Pouvez-vous nous parler un peu plus de vos voyages ?

Ma première découverte de l’Orient s’est produite en 1893. De Paris à Jérusalem via Constantinople, j’ai traversé de nombreux pays avec pour unique regret de ne pouvoir rapporter que des clichés en noir et blanc.
Ainsi, dès la démonstration du procédé de l’autochrome par les frères Lumière, j’ai entreprit immédiatement le même voyage avec mon épouse, rapportant cette fois-ci les premières Visions d’Orient colorées. Face aux succès que remportèrent mes témoignages photographiques en couleurs, ma femme et moi-même avons entrepris de parcourir le monde, afin de constituer une collection importante d’autochrome. Nous avons parcouru l’Algérie (1911, 1912), la Tunisie (1911), le Maroc (1921), l’Espagne (1911, 1914), l’Italie et les Indes (1913), le Japon et le Tibet. J’ai ramené des photographies inédites de la Mecque en 1896 suite à ma conversion à l’Islam, qui seront publiées dans L’Illustration en 1897.

Quels sont vos inspirations, vos connaissances et vos amis ?

J’ai pour amis Pierre Loti, Auguste Rodin, ou Albert Kahn.
Mon amitié avec l’écrivain Pierre Loti s’exprime clairement à travers mon travail. Nous avons partagé le même amour pour l’Orient et l’Islam, la même admiration pour Constantinople, source de notre inspiration. L’un l’exprimait par la force évocatrice de ces mots, l’autre par la « magie des autochromes » (NDLR – De Pastre Béatrice, Devos Emmanuelle (sous dir.de), Les couleurs du voyage, L’œuvre photographique de Jules Gervais-Courtellemont, Paris Musées, 2002, p 10). Nos deux modes d’expressions fusionnèrent de temps à autre à l’occasion de conférences, les mots de Loti semblant être fait pour mes autochromes :
Les phrases que j’avais « coupées » de vos œuvres s’appliquaient si exactement, si mathématiquement à la vérité documentaire de mes petites images que le public enthousiaste soulignait de ses applaudissements la vérité « saisissante » de vos descriptions. (NDLR – 14 avril 1910, lettre de Jules Gervais-Courtellemont à Pierre Loti, in Ottomanes, Autochromes de Jules Gervais Courtellemont)

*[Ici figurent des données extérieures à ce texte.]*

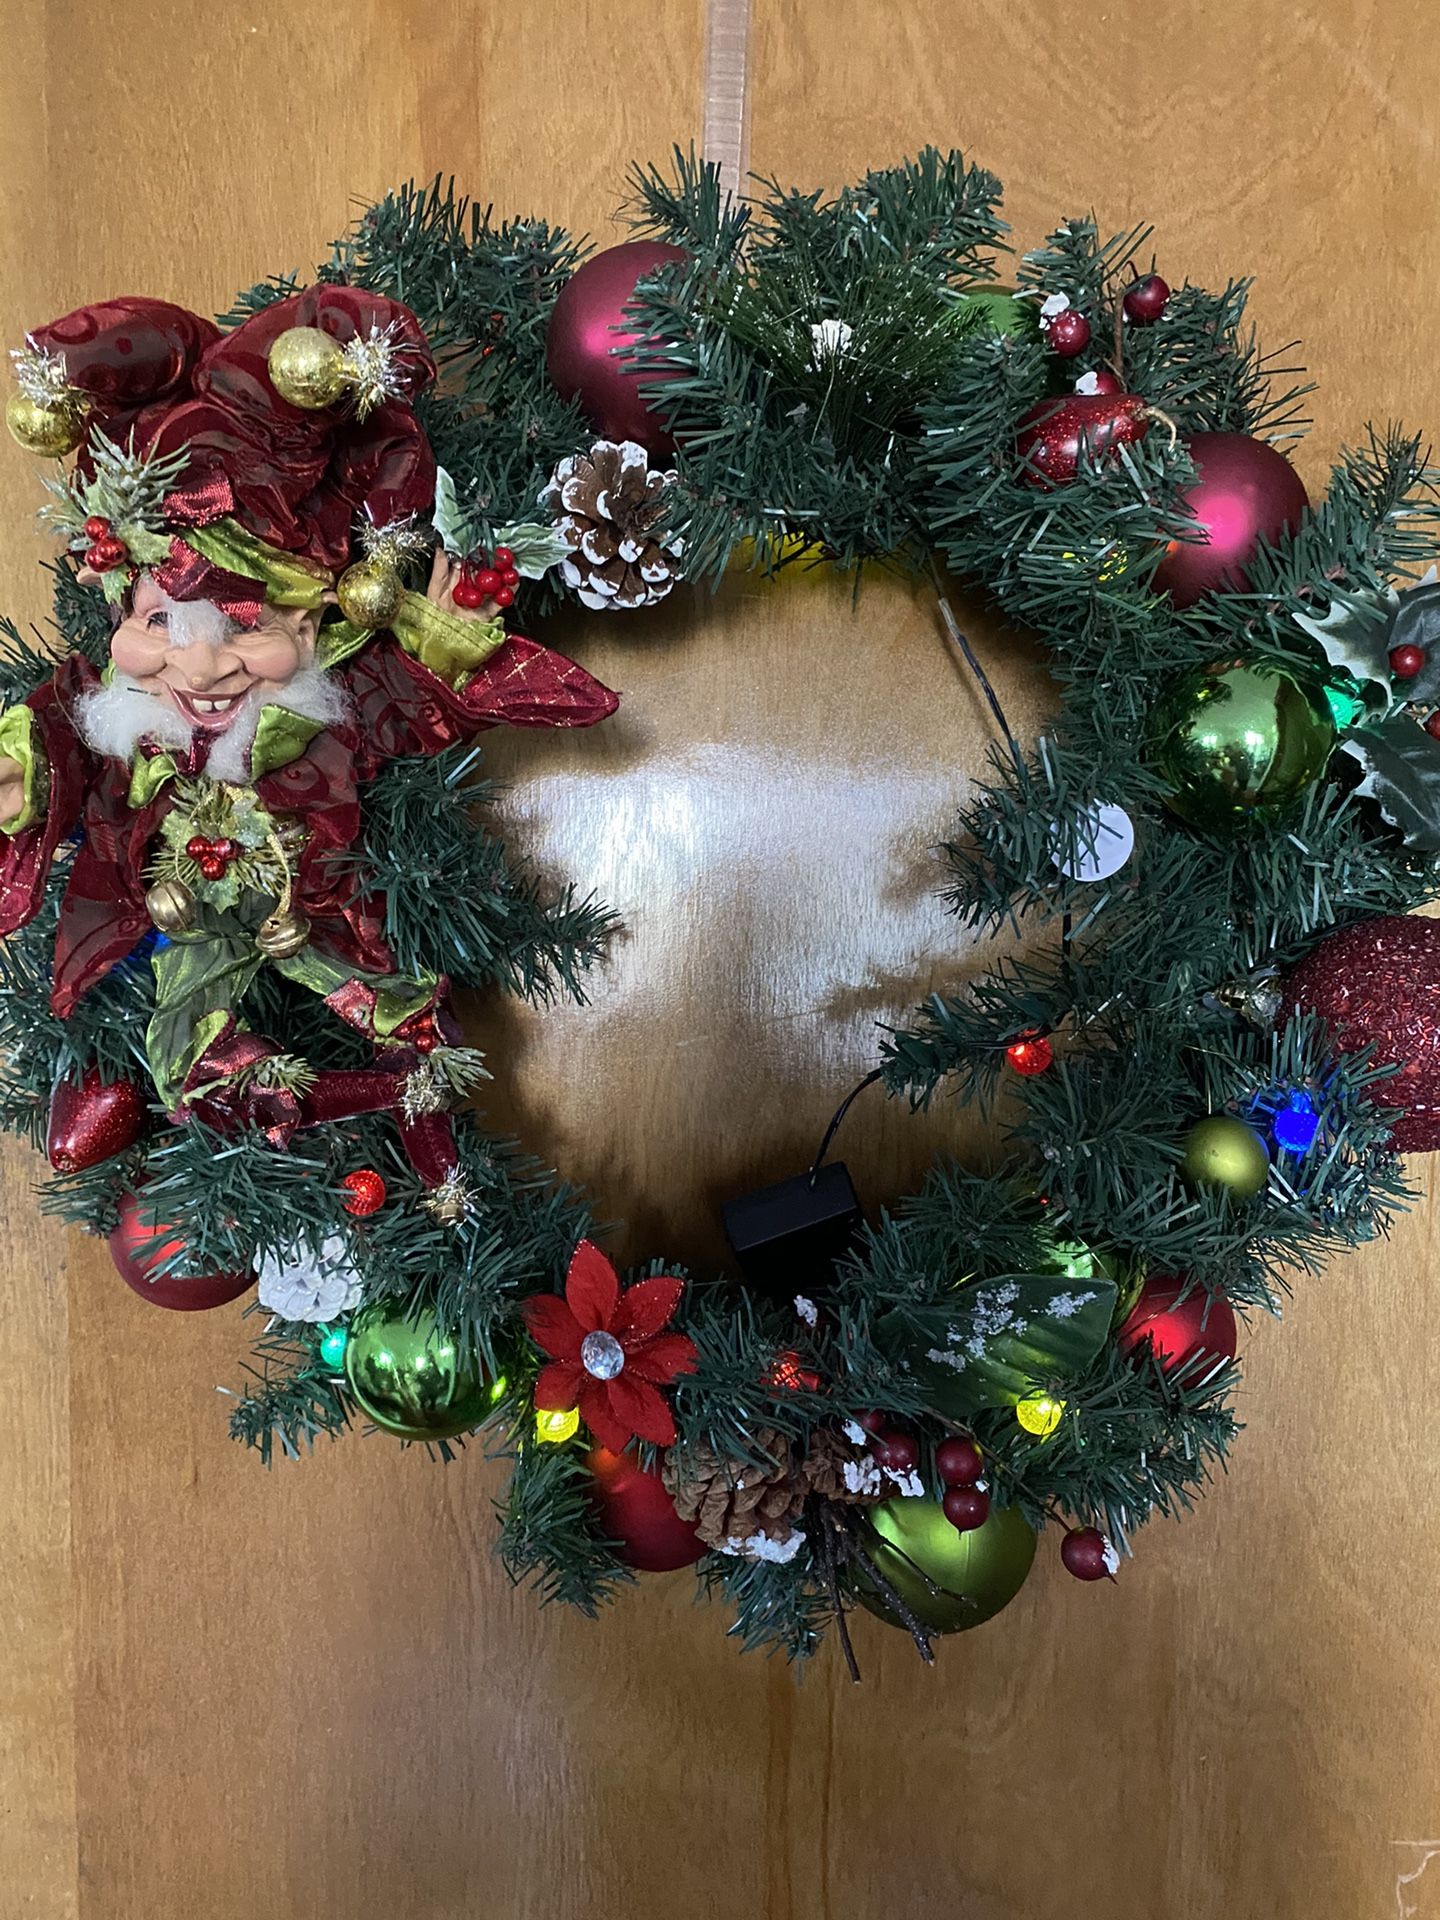 Lighted Christmas elf wreath

Interview réalisée à l’initiative et avec le soutien documentaire de la Maison de la Photographie de Marrakech, Emmanuelle Peytour, Patrick Manac’h, LG & RD

Pour créer cette interview fictive, La rédaction de www.lesphotographes.com et l’équipe de la Maison de la Photographie de Marrakech a choisi de s’inspirer de l’histoire tout en la respectant.